Calculate the number of individual with more than i days of life with data.table in R

Here is my simplified data.table:

Individual	time_alive (day)
ID1	1
ID2	5
ID3	7
ID4	5

I need to calculate the number of individual alive at every day. I achieved this by doing a loop

for (i in c(-1:600)) {
  y<-summarise(DT , time_alive > i )
  Alive[i+2,]<-length(y[y==TRUE])
}

However this is really long with a data.frame of more than 2B observations.

I wanted to try an alternative with data.table but I am stuck at only 1 day number of alive calculation:

DT[,.N,time_alive> i][time_alive==TRUE,2]

Here, i cannot be replaced by a vector but only by 1 number. I want to calculate the number of individual with more than i days of life, without doing a loop.

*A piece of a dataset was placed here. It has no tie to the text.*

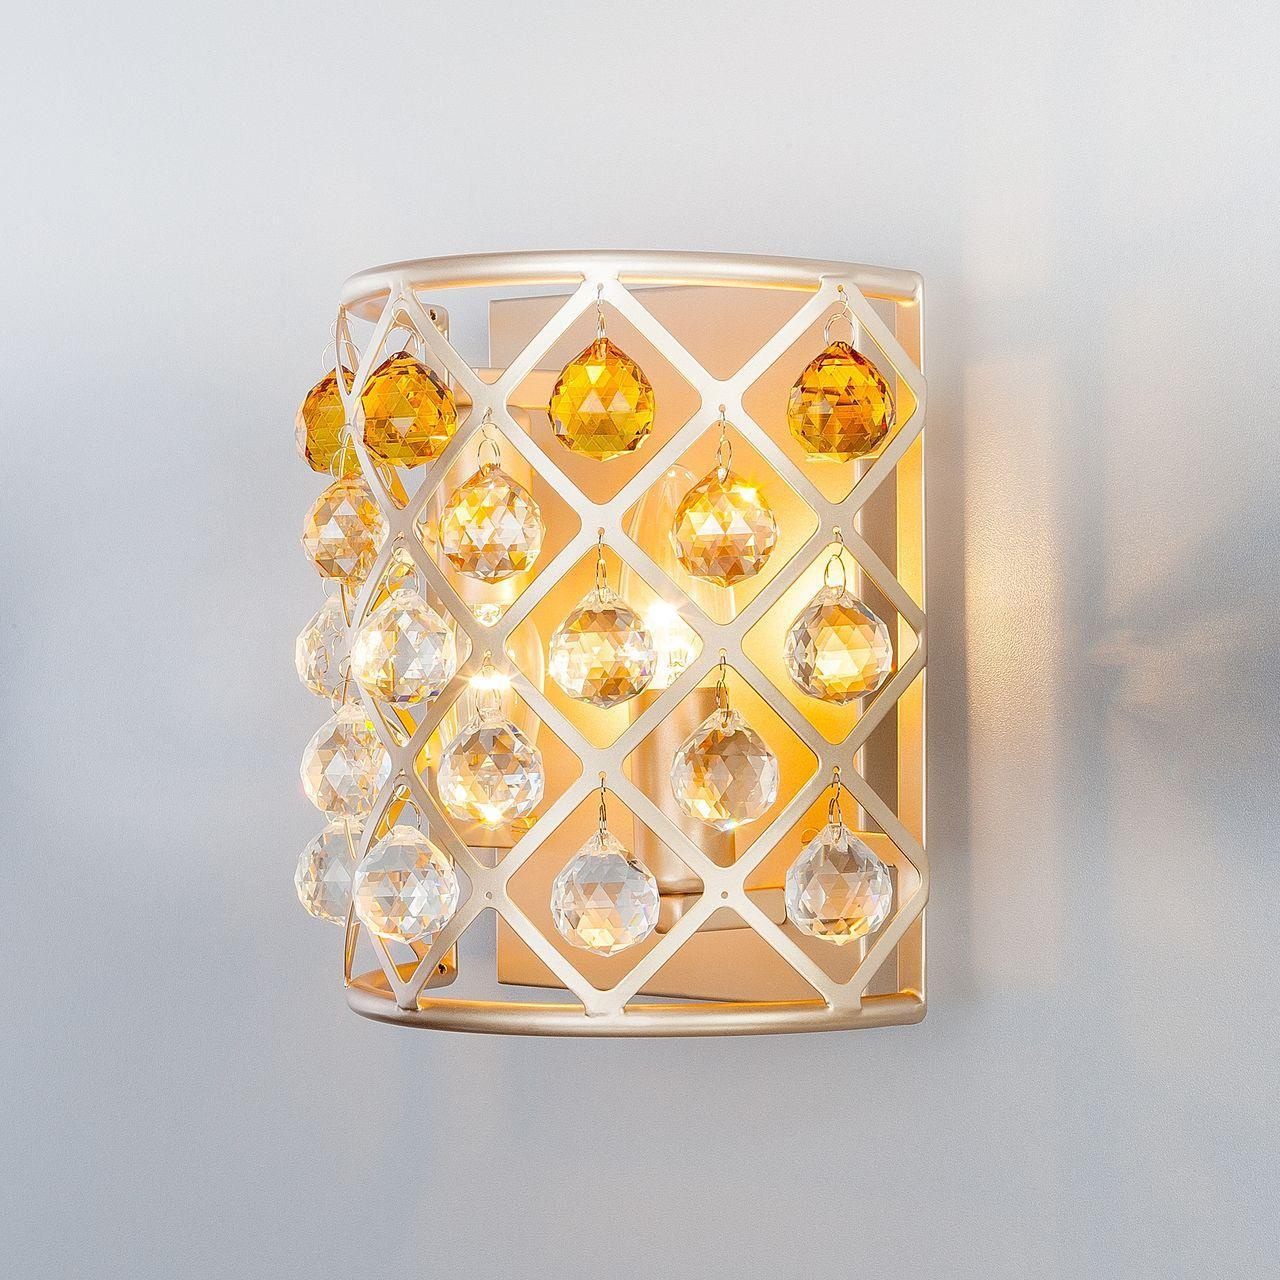 Настенный светильник Bogates 307/2 Strotskis, E14, 60 Вт цены

My result expected for the simplified data would be:

Day	Number of individual alive
1	4
2	3
3	3
4	3
5	3
6	1
7	1
8	0

Best solution in one line, with data.table which is much faster than looping:

DT[, .(Day = seq_len(1 + max(time_alive)))][DT[,.(time_alive)], .(.N), on = .(Day <= time_alive), by = Day]

Solution

# @r2evans suggestion about making it a one-liner
# replaced res = data.table('day' = 1:max(DT$time_alive))
DT[, .(day = seq_len(1 + max(time_alive)))][
     # my original solution
     DT, .(.N) ,on = .(day <= time_alive),by = day, allow.cartesian = T]

# or 

DT[,time_alive > TARGET_NUMBER, by = individual]

I have two solutions based on what you have provided. One or both of them should be what you're looking for. See below for details/explanation

# load in data
DT = data.table('individual' = 1:4, 'time_alive' = c(1,5,7,5))
# set your target number
TARGET_NUMBER = 5

# group by individual, 
# then check if the number of days they were alive is greater than your target
# this answers "i want to calculate the number of 
# individual with more than "i" days of life

DT[,time_alive > TARGET_NUMBER, by = individual]

individual    V1
1:          1 FALSE
2:          2 FALSE
3:          3  TRUE
4:          4 FALSE

# if the result you want is that table you created. that is a little different:
# create a table with days ranging from 1 to the maximum survivor

res = data.table('day' = 1:max(DT$time_alive))

day
1:   1
2:   2
3:   3
4:   4
5:   5
6:   6
7:   7


# use joins
# join by time alive being greater than or equal to the day
# group by the specific day, and count how many observations we have
# allow.cartesian because the mapping isn't one-to-one

res[DT, .(.N) ,on = .(day <= time_alive),by = day, allow.cartesian = T]

day N
1:   1 4
2:   2 3
3:   3 3
4:   4 3
5:   5 3
6:   6 1
7:   7 1